Boy Wonders by Cathal Kelly
I read this book because I think Kelly is one of the most talented current Canadian journalists. He writes mostly, but not exclusively, sports stories and he writes so well he manages to interest me in topics I would only having a passing interest in, at best.
Unfortunately, I didn't come away with the same positive feelings about his memoir. It is written in short chapters that are each more like a distinct short story or newspaper article. His writing style is still excellent (for the most part, I really didn't like the chapter of lists). But either his life hasn't been that interesting or he only attacked it in a somewhat superficial way. I just didn't get drawn into his narrative (contrast that to the book I review next). I sympathized with some of the difficulties he had as a child - particularly his relationship with his alcoholic father - but I just didn't really feel his pain.
He does admit to not being a very nice kid, which I guess takes courage, but I felt he really scratched the surface when he could have gone deeper. I've read his stories about baseball players which have left me more satisfied.
I wouldn't bother - stick to reading his articles in the Globe.
The Woo-Woo: How I Survived Ice Hockey, Drug Raids, Demons and my Crazy Chinese Family by Lindsay Wong
Unlike Kelly's book, I hesitated for a long time before I decided to read this book. The description made it sound a bit too weird. But I shouldn't have hesitated for a moment. I was sucked into Wong's dramatic life from the very start.

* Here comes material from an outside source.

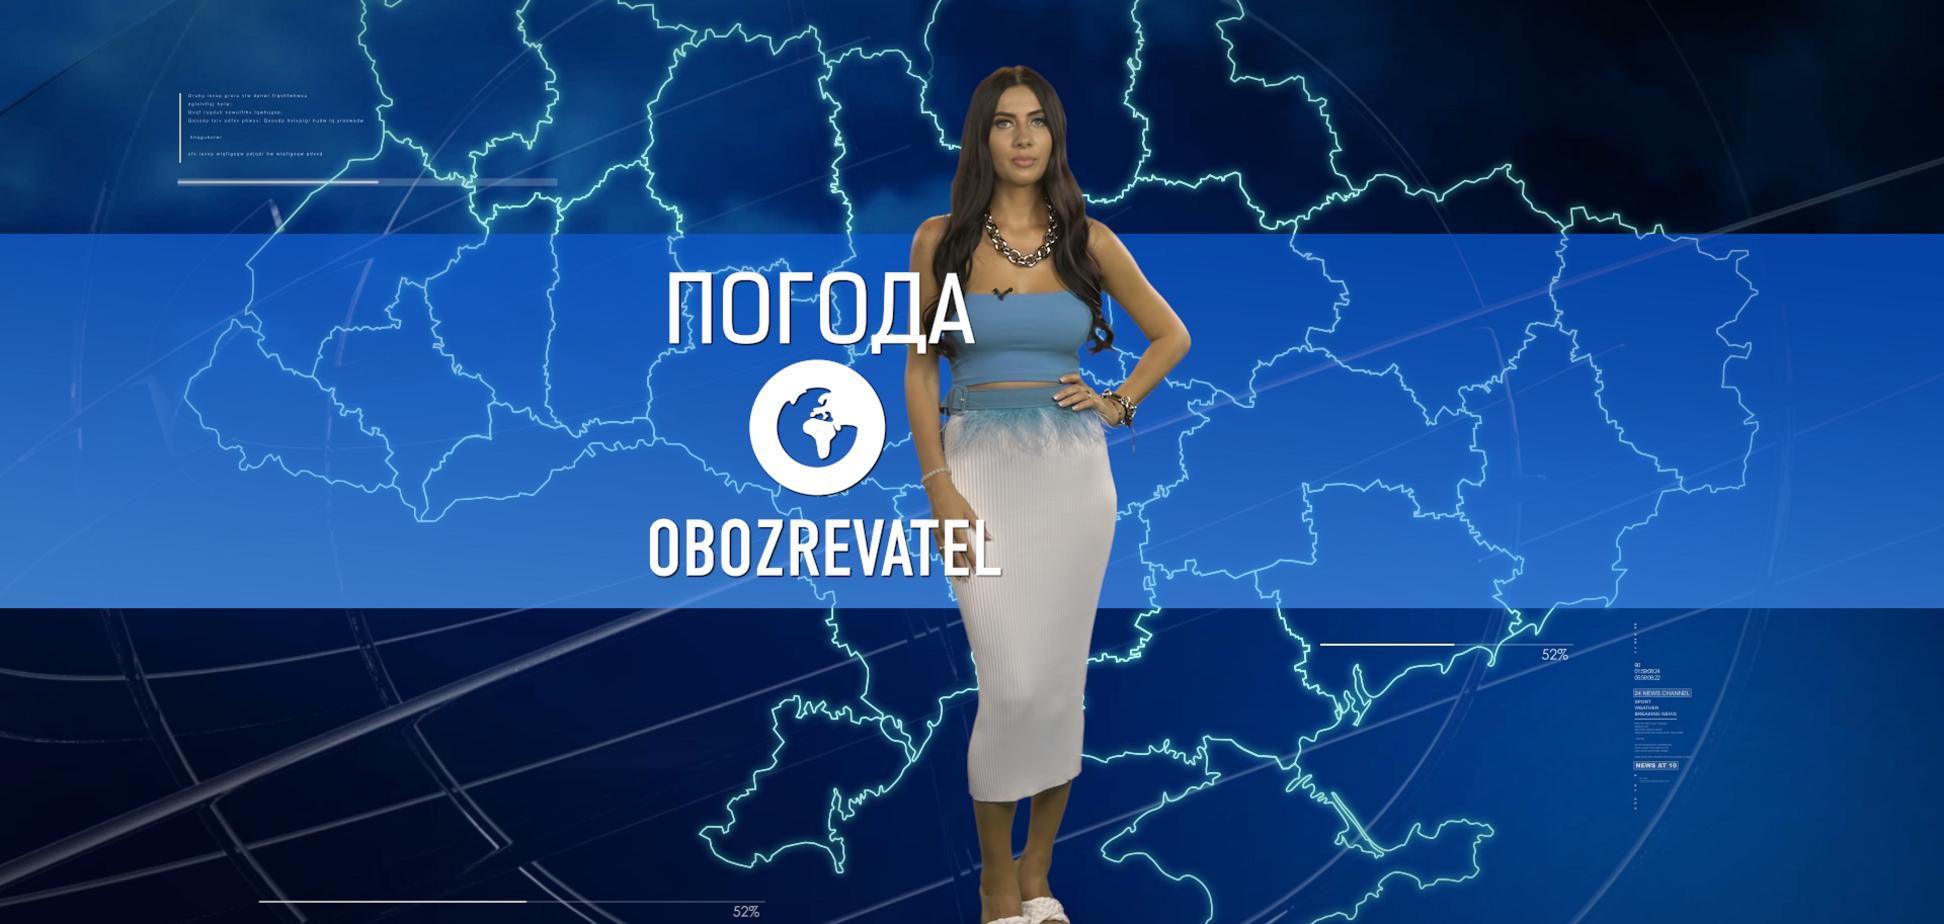 Прогноз погоды в Украине на воскресенье 13 июня с Алисой Мярковской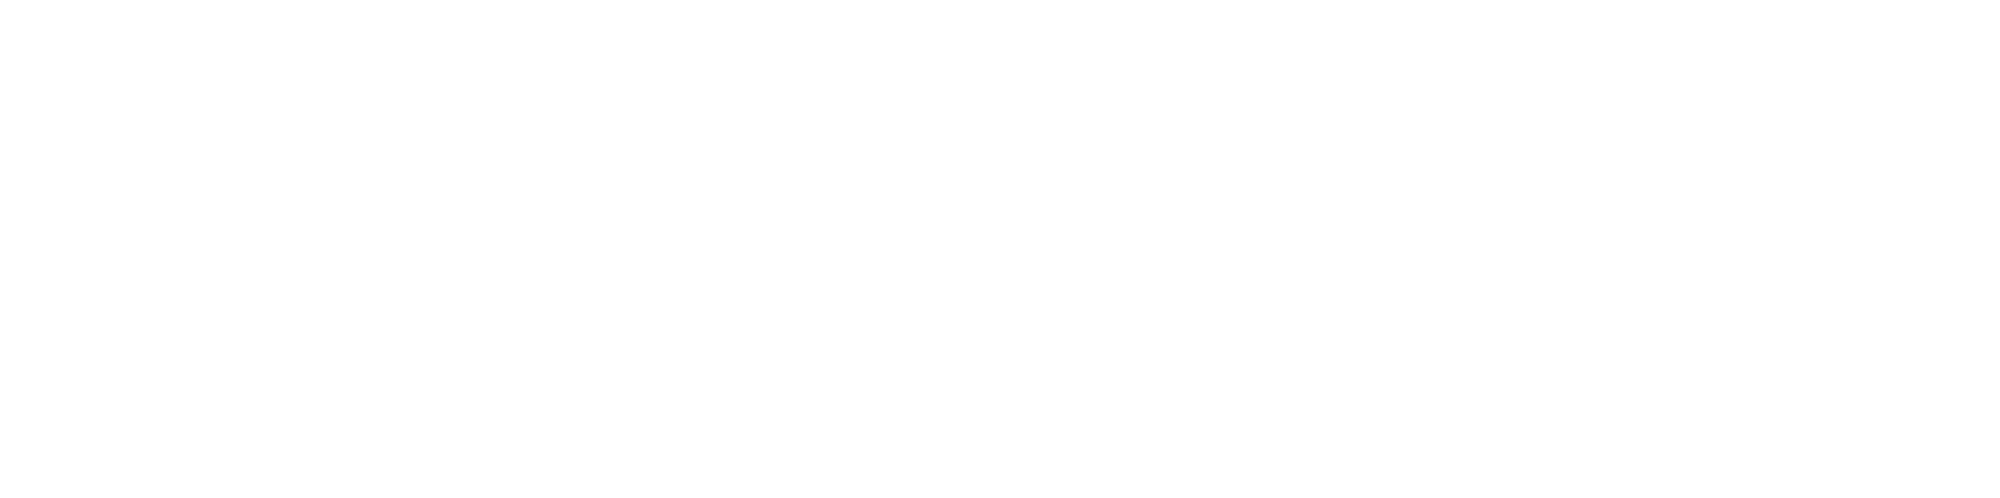 Hocking Hills UMC

Wong is the daughter of immigrants from Hong Kong who grew up in Vancouver (which she refers to as Hongkouver). Unfortunately, her grandmother, mother and aunt all suffered from mental illness (paranoid schizophrenia and bipolar disorder), but due in part to their illness and in part to their cultural upbringing, believed they were haunted by "woo woo", ghosts who come to visit in times of personal turmoil. Thus they did not seek conventional medical attention which may have vastly improved Wong's childhood.
She describes horrifying incidents where she spent days living in a suburban shopping mall to evade the woo woo, weeks when her mother disappeared and left her verbally abusive and domestically incompetent father in charge, and even a time when her mother set her feet on fire as she slept in too late. Her parents had little regard for proper hygiene or diet and Wong was given no social coping skills other than the fighting she learned in hockey (her father actually financially rewarded her for penalty minutes). Not surprisingly, she had no friends at school and was often suspended for fighting.
As a child Wong looks up to her aunt - but she too suffers from bipolar disorder and makes headlines when she holds Vancouver commuters hostage on Canada Day as she threatens to jump from a bridge. And while she treats Wong kindly, she is as abusive of her own daughter as Wong's parents are of her.
Wong finally emerges somewhat from her troubled life when she attends University of British Columbia. There, because she has few friends, she throws herself into her studies, excels and is eventually accepted into the Fine Arts program at Columbia. But there she is struck with debilitating migraines and vertigo and begins to worry she too is succumbing to the woo woo. But with caring medical attention, and her mother coming through when she least expected it, she perseveres - and was able to write this amazing book.